Barnhart served as a pit crew member or chief mechanic on IndyCar teams including Patrick Racing, Galles Racing and Team Penske. Teams Barnhart crewed for won two championships and two Indianapolis 500s. In 1990, he suffered minor injuries during a pit fire in Al Unser Jr.'s pit during the Budweiser Grand Prix of Cleveland. In the 1992 Indianapolis 500, Barnhart was the left-rear tire changer on the pit crew of Unser's winning car. In 1993, he served as chief mechanic for Al Unser Sr.'s King Racing, Kenny Bernstein-owned entry.

===IndyCar race director===

For 1994, Barnhart was working for the Indianapolis Motor Speedway as director of race operations. For the 1997 season, Barnhart had been hired by the Indy Racing League (IRL, now IndyCar Series) and was serving as its director of operations. In 2000, Barnhart was promoted to VP of operations. Barnhart would hold the position of race director until 2011. From 2005 to 2007, Barnhart was also president and CEO of the series.
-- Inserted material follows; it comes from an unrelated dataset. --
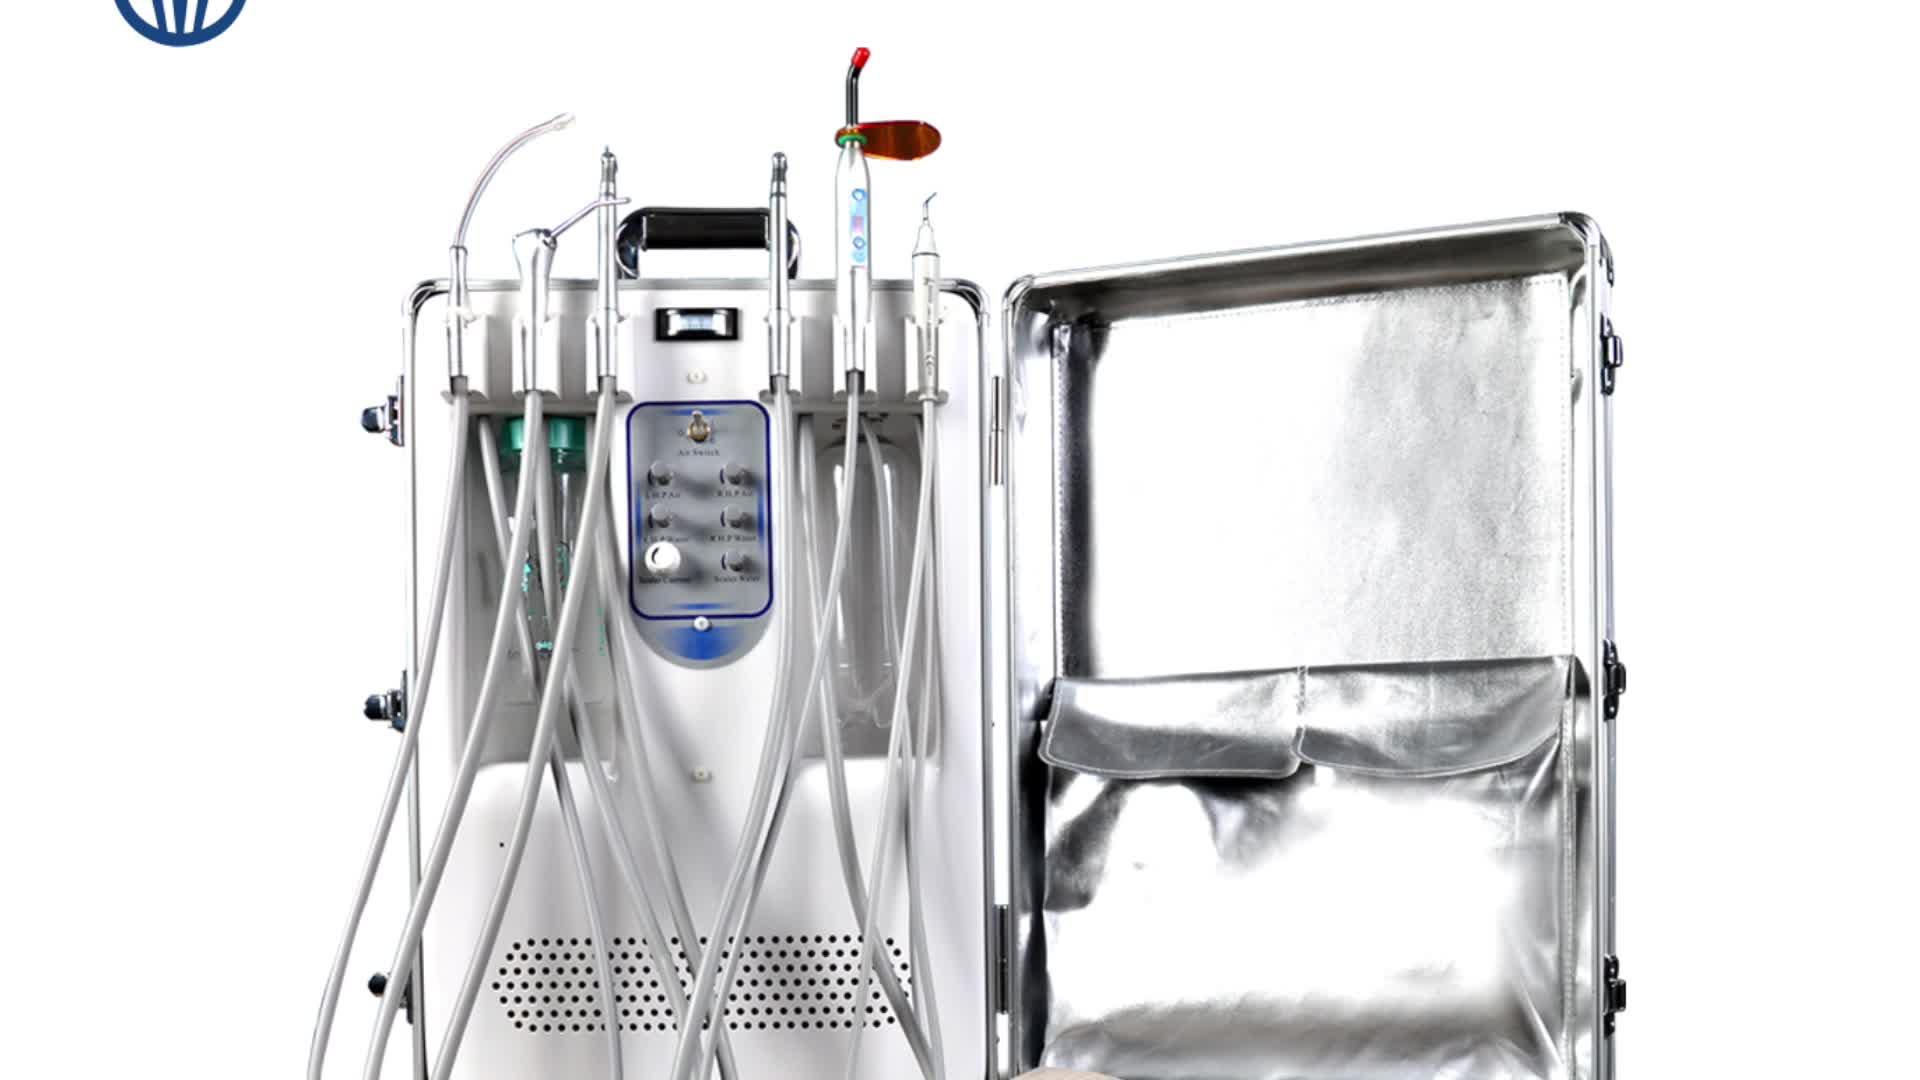 2018 Equipment Portable Dental Unit Mobile Price 550W Mini Suction Air Compressor Dental Chair

On March 11, 2007, prominent open-wheel journalist Robin Miller reported that the IRL was seeking a new leader for its marketing side and that once found, Barnhart would return to his operations role. Terry Angstadt was subsequently hired to fill the role of President of Marketing Operations of the league and Randy Bernard was hired as CEO, leaving Barnhart to focus on operations.

During the 2011 season, Barnhart was criticized by fans, drivers, and owners, and especially Miller for inconsistencies in his role as chief race steward. For 2012, Barnhart was repurposed to the role of president of operations and strategy and the next year to vice president of competition.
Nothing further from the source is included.